20. There's a discrepancy as to the year of McMahon's retirement within the affidavit. McMahon initially states that he retired in August 2000 yet states immediately below the reference to 2000 that he retired in August, 2006.
21. In fact, according to Tarlton, Rollins instructed him not to report the money to the Internal Revenue Service. (Tarlton Dep. 37)
22. After corporate restructuring, McPherson himself was a proposed party-offeror in one instance where he attempted to purchase the right to service a retiring agent's agency. McPherson offered a deed to his house as collateral for a $100,000.00 payment for Tarlton's agency. (Dkt. 42-8, 61).
23. The method for calculating extended earnings is set forth in detail within Nationwide's Agent's Agreement. (Agent's Agreement, ¶11) Rollins testified that extended earnings for an eligible agent typically amounted to "one times the previous 12 months renewals for all property and casualty products." (Rollins Dep. 101)
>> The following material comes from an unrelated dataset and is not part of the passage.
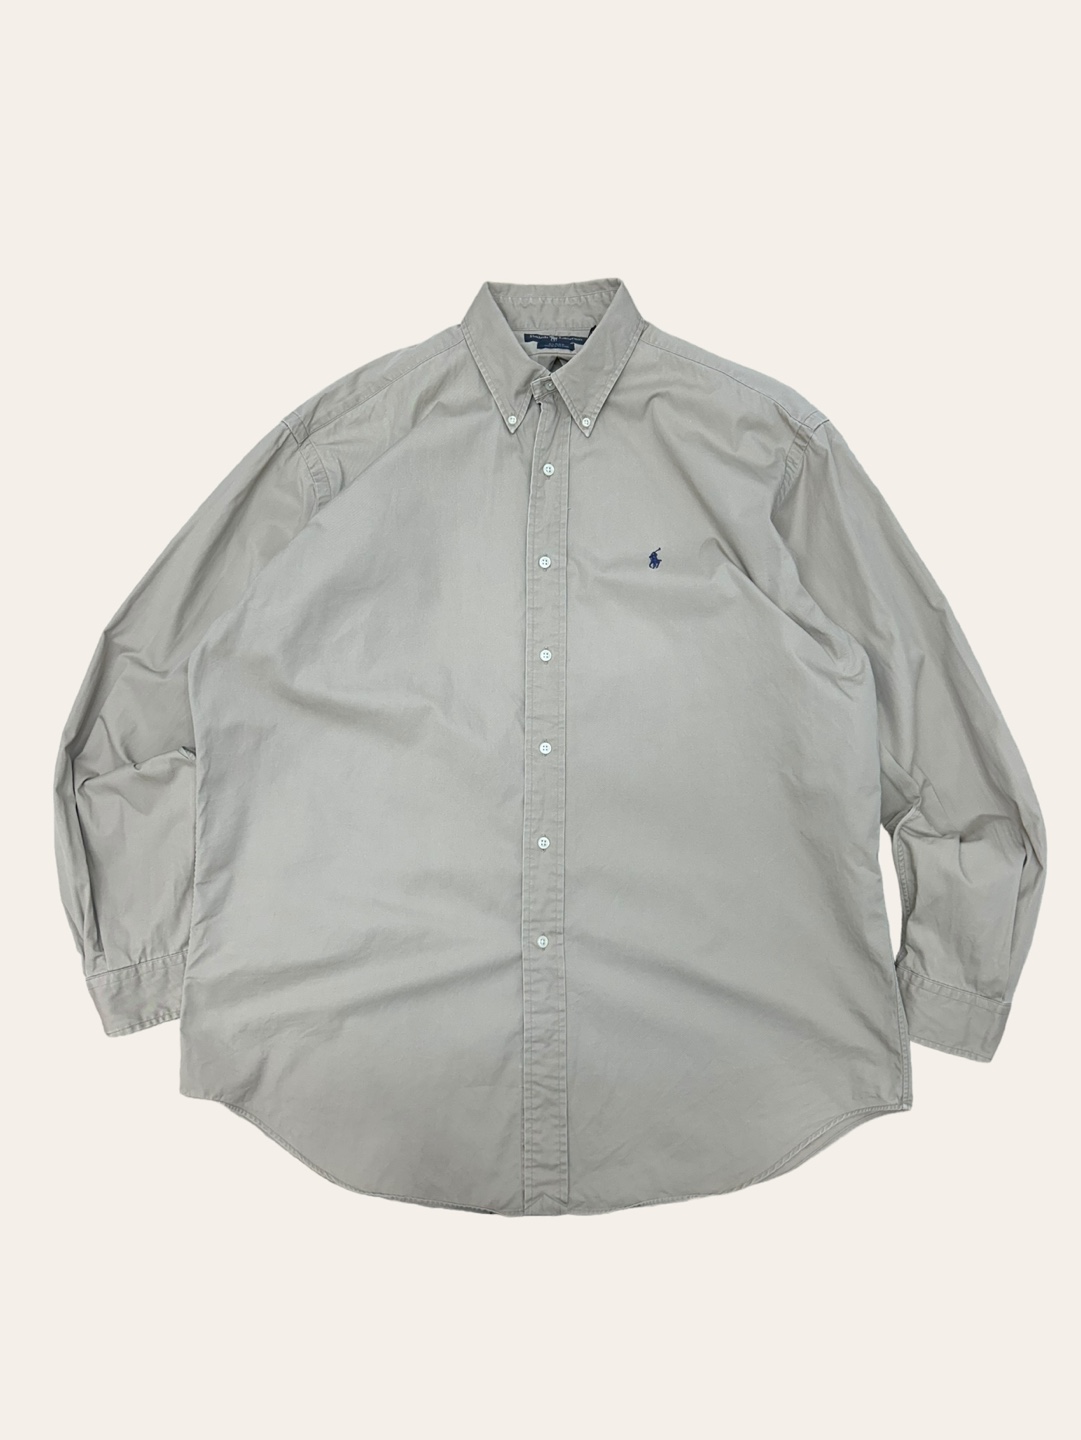 (From USA)Polo ralph lauren beige solid shirt L

24. Nationwide argues that Moose fails to establish a successful tortious interference with contract claim because Moose did not have an enforceable contract with any potential replacement agent. Moose admits that the agreement between him and Bowman was subject to the condition precedent of Bowman being approved as the replacement agent and was likely not binding. (Dkt. 37-2, Moose Dep. 25, 28-29). This condition precedent never occurred; therefore only an executory contract or inchoate set of rights ever existed between Moose and Bowman. See Chemical Realty Corp. v. Home Federal Sav. and Loan Ass'n of Hollywood, 351 S.E.2d 786, 792 (N.C. App. 1987) (quoting Tire Co. v. Morefield, 241 S.E.2d 353 (N.C.App. 1978)) ("A condition precedent is a fact or event, `occurring subsequently to the making of a valid contract, that must exist or occur before there is a right to immediate performance, before there is a breach of contract duty, before the usual judicial remedies are available.").
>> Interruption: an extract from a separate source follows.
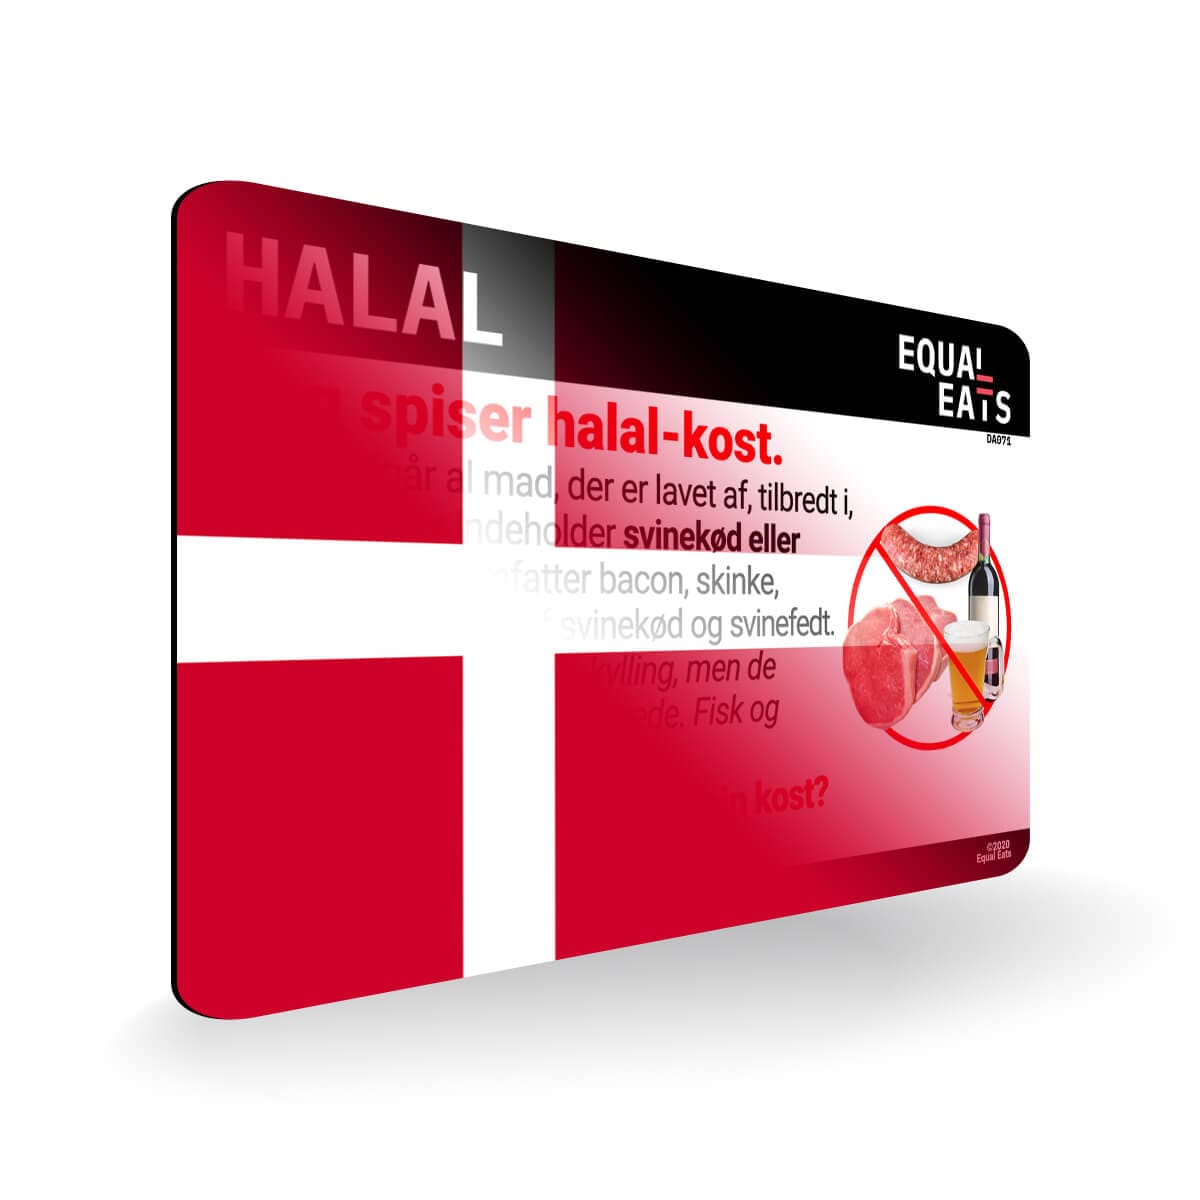 Halal Diet in Danish. Halal Food Card for Denmark

25. Moose contends that the replacement agent, Saundra Carney, was required to pay Nationwide 150% of the renewal premiums from the previous years for the right to the agency and that the payment was a financial benefit to Nationwide. (Rollins Dep. 25) Nationwide Bank also received business by loaning Carney the money to acquire the agency and charging an interest rate. (Pl.'s Brf. In Opp'n. 20)
26. A fiduciary duty exists "where there has been a special confidence reposed in one who in equity and good conscience is bound to act in good faith and with due regard to the interests of the one reposing confidence." Abbitt v. Gregory, 160 S.E. 896, 906 (N.C. 1931).
27. As discussed earlier, genuine issues of material fact exist concerning the extent of Rollins' actual and apparent authority.
28. Bowman testified that on one of these occasions, Moose was present when Rollins said the retirement letter could be rescinded.